Forum Moderators: open

Message Too Old, No Replies

Does Google's spider have a concept of an IIS session?

         

threecrans

3:01 pm on Aug 29, 2002 (gmt 0)

10+ Year Member



IIS sessions use cookies to associate a user with a session. When making multiple requests, does Google's spider (on any other spider) return this cookie with the request, thus maintaining the session state?

The reason I ask this is because I would like to take action (301 redirect to a url) within the Session_OnStart event (in global.asa). If the session is maintained and the bot makes multiple requests, I believe the Session_OnStart event will only fire on the first request...so only the first request will be properly redirected while the other requests are served a page.

Does anyone know how this is handled?

Dreamquick

3:07 pm on Aug 29, 2002 (gmt 0)

WebmasterWorld Senior Member 10+ Year Member



No, as far as I'm aware none of the big SEs currently handle/accept any type of cookies - including session cookies.

- Tony

Grumpus

3:19 pm on Aug 29, 2002 (gmt 0)

WebmasterWorld Senior Member 10+ Year Member



Nope. The googlebot makes a new session each time it visits. And, even if it did hold session cookies, the next logical hit comes in from a different IP in most cases anyway - you'll rarely see a single IP (instance of Googlebot) move through the site in a normal matter.

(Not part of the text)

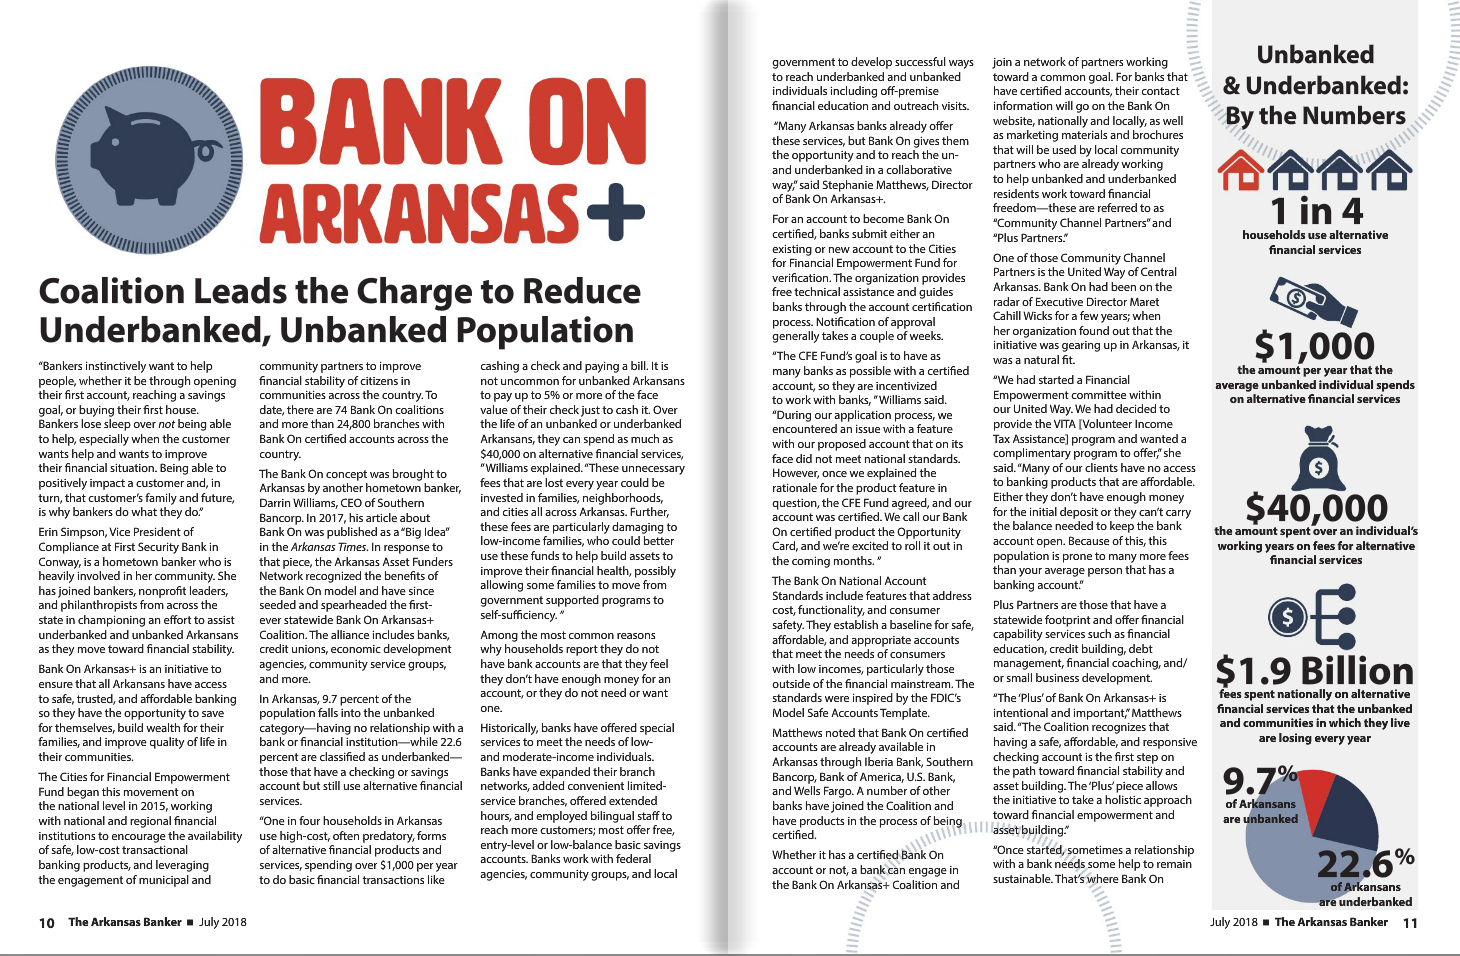 Arkansas Banker – July 2018 Article
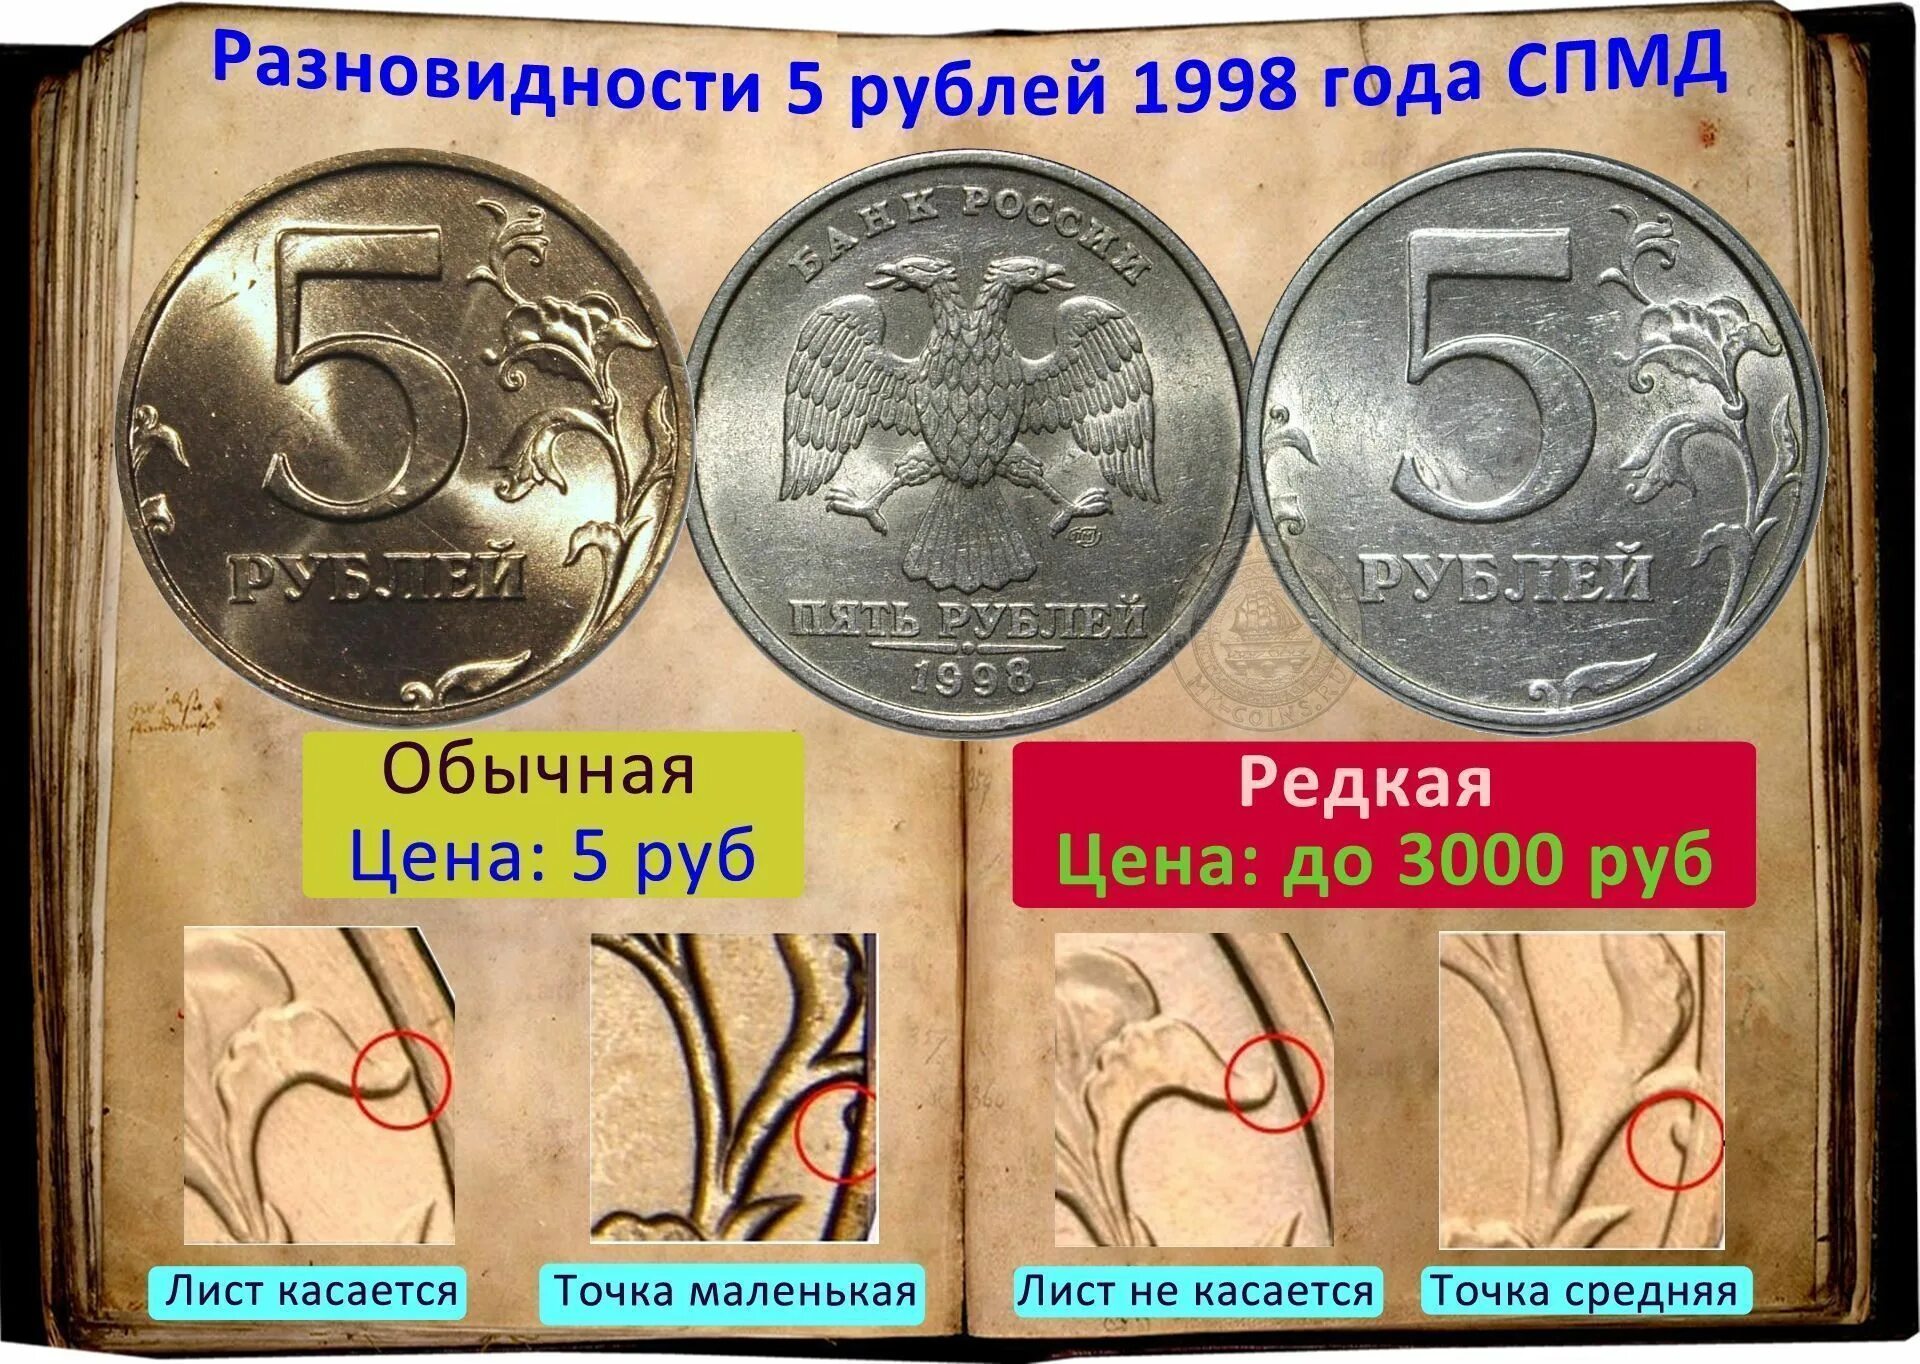 Редкая монета 5 рублей 1998 года СПМД. Монеты СПМД 1998 год 5 рублей. Монета 5 рублей 1998 СПМД. Редкая монета 5 рублей 1998. 5 и 5 сегодня купить

I'm not sure exactly what you are trying to do, but I'd guess you could accomplish what you want to do by doing this... (This isn't code, but you can easily convert the train of thought to code...)

If mid(user-agent,1,8) = "googlebot" and Application("GoogleSession") = False then Application("GoogleSession") = True

If Googlesession = True then do or don't redirect or whatever.

Unfortunately, you'd have to put this on every page (probably in an SSI so you can tweak it and have it update the whole site) but depending upon exactly what you are trying to do, something along these lines would work - App variables can be passed to bots.

Hope that at least gets you thinking, if not solving the problem altogether.

G.

threecrans

4:39 pm on Aug 29, 2002 (gmt 0)

10+ Year Member



Thanks Grumpus and Dreamquick!

Also Grumpus...thanks for the snippet but it actually is the other way around...but let me run the situation by you (this is somewhat long...my apologies).

As stated in the thread [webmasterworld.com ] my staging server has recently been indexed. Since ALL of the staging server content is published to the main server, this resulted in duplicated content. One of the suggestions by many in the thread is to 301 redirect to the appropriate server.

In IIS, I can set a global redirect for the website to a specified url (Properties -> Home Directory -> A redirection to a url). There are two problems however.

  1. I can't specify a page to redirect to dynamically. For example, if a request comes in for staging/page1.asp, I want to be able to redirect to main/page1.asp. As it stands now I can only specify one url, so ALL requests go to main/redirectedtraffic.asp.
  2. When you do this, the response from the server is "301 Error", not "301 Moved Permanently". I am afraid how Google and other bots will react to this.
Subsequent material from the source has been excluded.